Aaron Steinmetz - Sandy Mantle 01 - Sleepy P.I.
Sleepy P.I.
by Aaron Steinmetz
Copyright © 2011 by Aaron Steinmetz. All rights reserved.
This is a work of fiction. While the literary perceptions and insights are based on experience, all names, characters, places and incidents are either products of the author’s imagination or are used fictitiously. No reference to any real person is intended or should be inferred.
10 9 8 7 6 5 4 3 2
www.aaronsteinmetz.com
Dedicated to Mom
my first fan
Step One: Lower External Stimulation
Step Two: Lower Internal Stimulation
Step Three: Try Some Natural Ways of Relaxing Your Body for Sleep
Step Four: Avoid Overeating and Alcoholic Consumption Before Bedtime
Step Five: Arrange Your Bedroom for Sleep
Step Six: Determine if You Are Making Common Sleep Mistakes
Step Seven: Determine What Issues Are Keeping You From Sleeping
Step Eight: Once You Have Identified the Issues, Deal With Them
Step Nine: Clear Out Your Worries and Concerns
Step Ten: Consult a Physician
When I first came to Point Insertion, I was a child in a teenager’s body. It was about thirty years ago when I was just starting out as a gilded assassin. I guess I don’t need to tell you I was good at what I did. Not many men get to say they started working as a hitman thirty years ago; not many get to say thirty days. It’s an ugly profession. That’s why I got out.

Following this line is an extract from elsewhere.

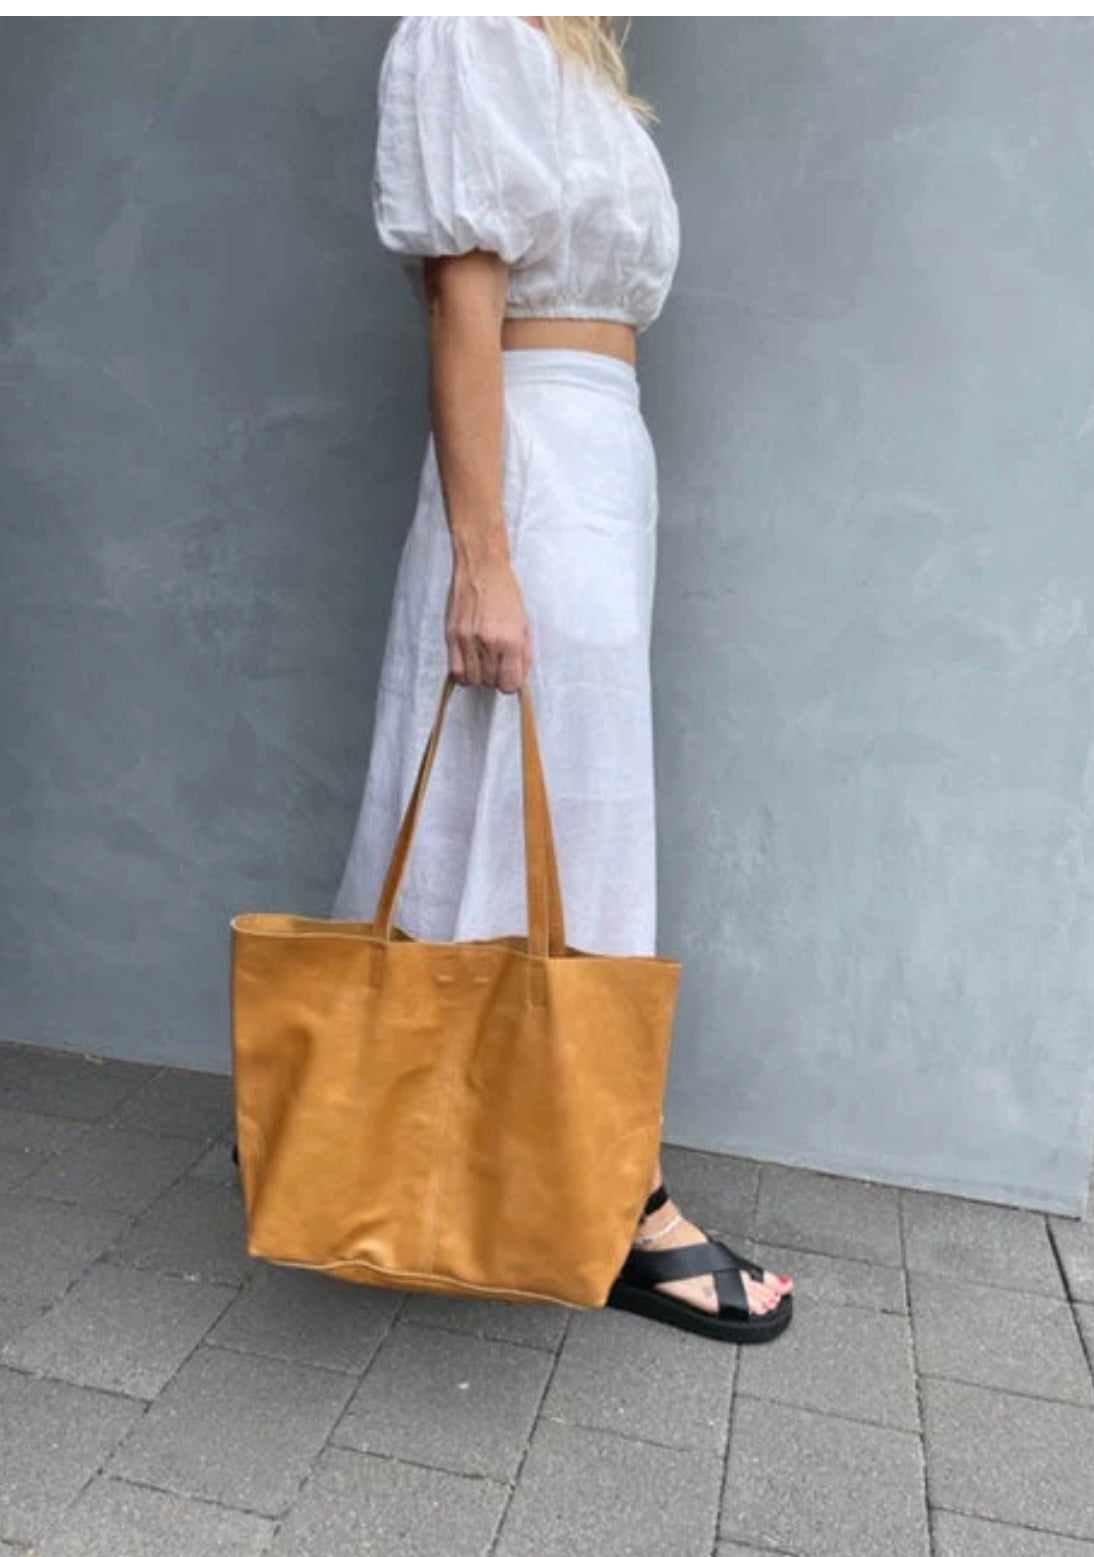 Bare Leather her London Tote

I first came to Point Insertion thirty years ago, but I didn’t stay long. Work went fast and I was faster, gone before the blood had time to dry, off on my life of violence. Well paid violence, but violence all the same. Two years ago I came back.

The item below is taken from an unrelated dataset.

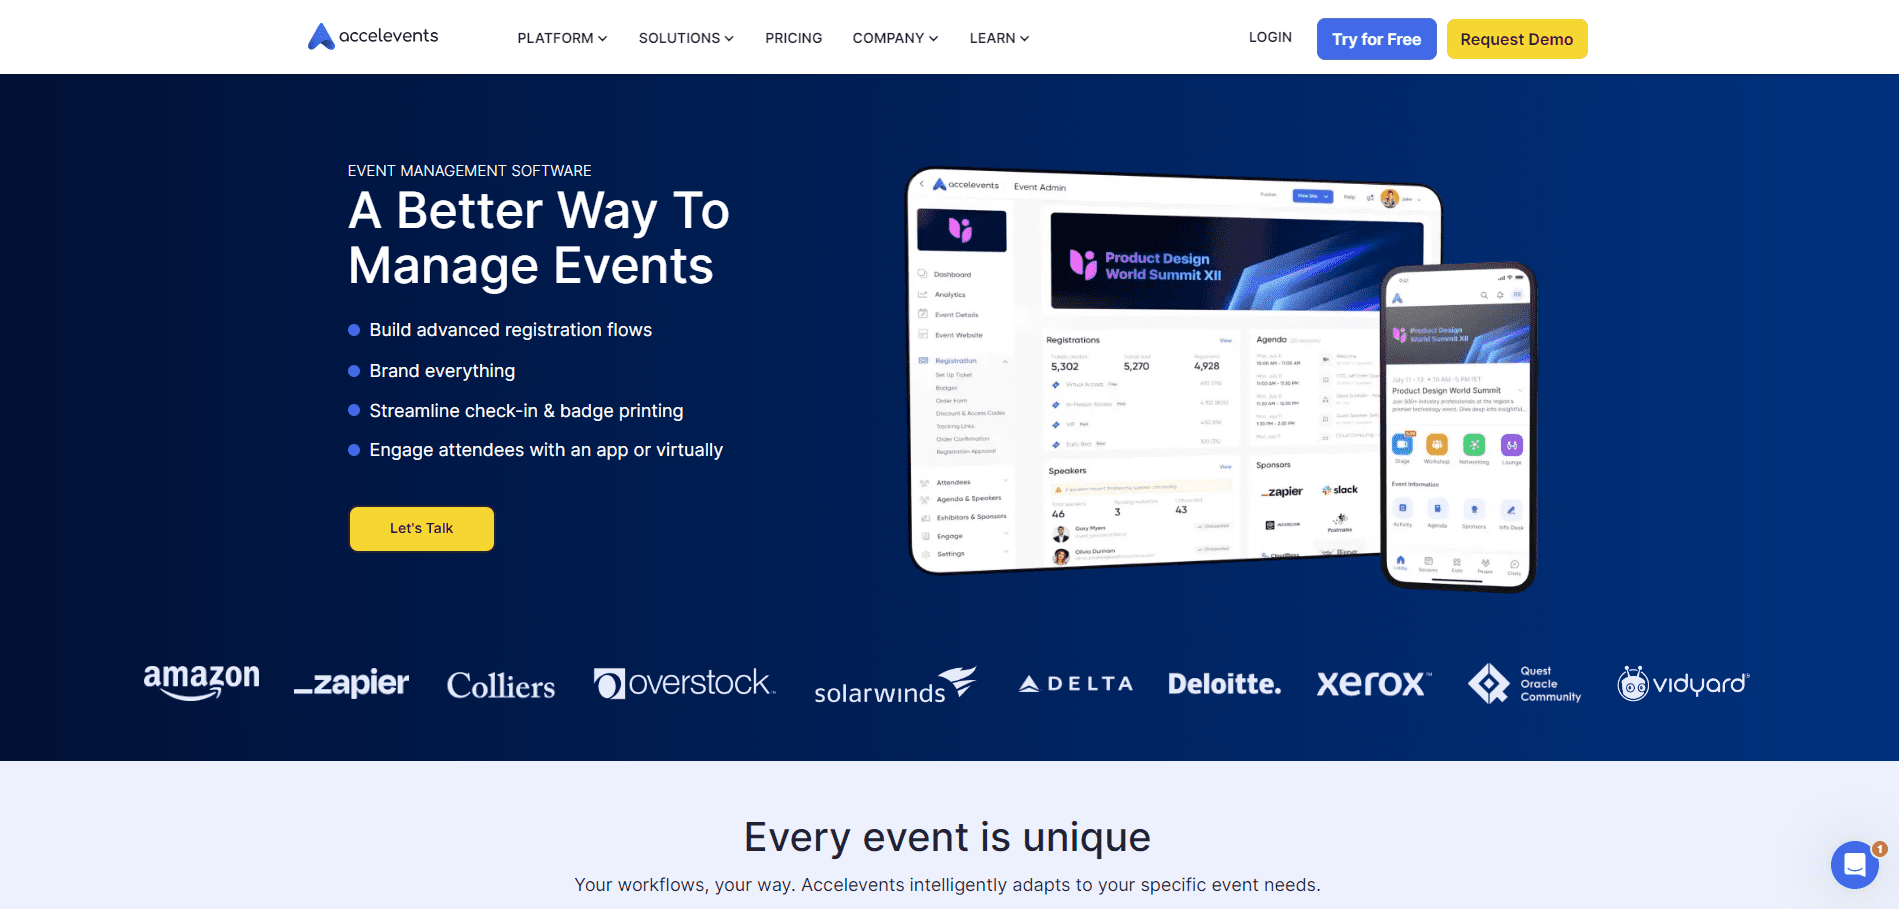 Accelevents' homepage

Not much changed in those twenty-eight years I was away. The grocery store with the peeling paint was still there, its paint still peeling, its beer still overpriced, its cashiers a little fatter. The post office next door did get a new coat of paint, though, and new doors. But as I walked along the wooden sidewalk glancing in the windows of the post office and examined all the golden doors holding back little envelopes and packages I could see the interior hadn’t changed much. I made my first kill there, in a corner near the back end of the building. Twenty-eight years before. I saw my reflection in the glass. Damn it goes by fast.
Point Insertion hadn’t changed much in twenty-eight years but I sure as hell had. Three hundred and forty kills will put wrinkles on your face, let me tell you. That’s over a kill a month, but not by much. I’m really not that dangerous a person. Just prolific. And it’s made me a very wealthy man.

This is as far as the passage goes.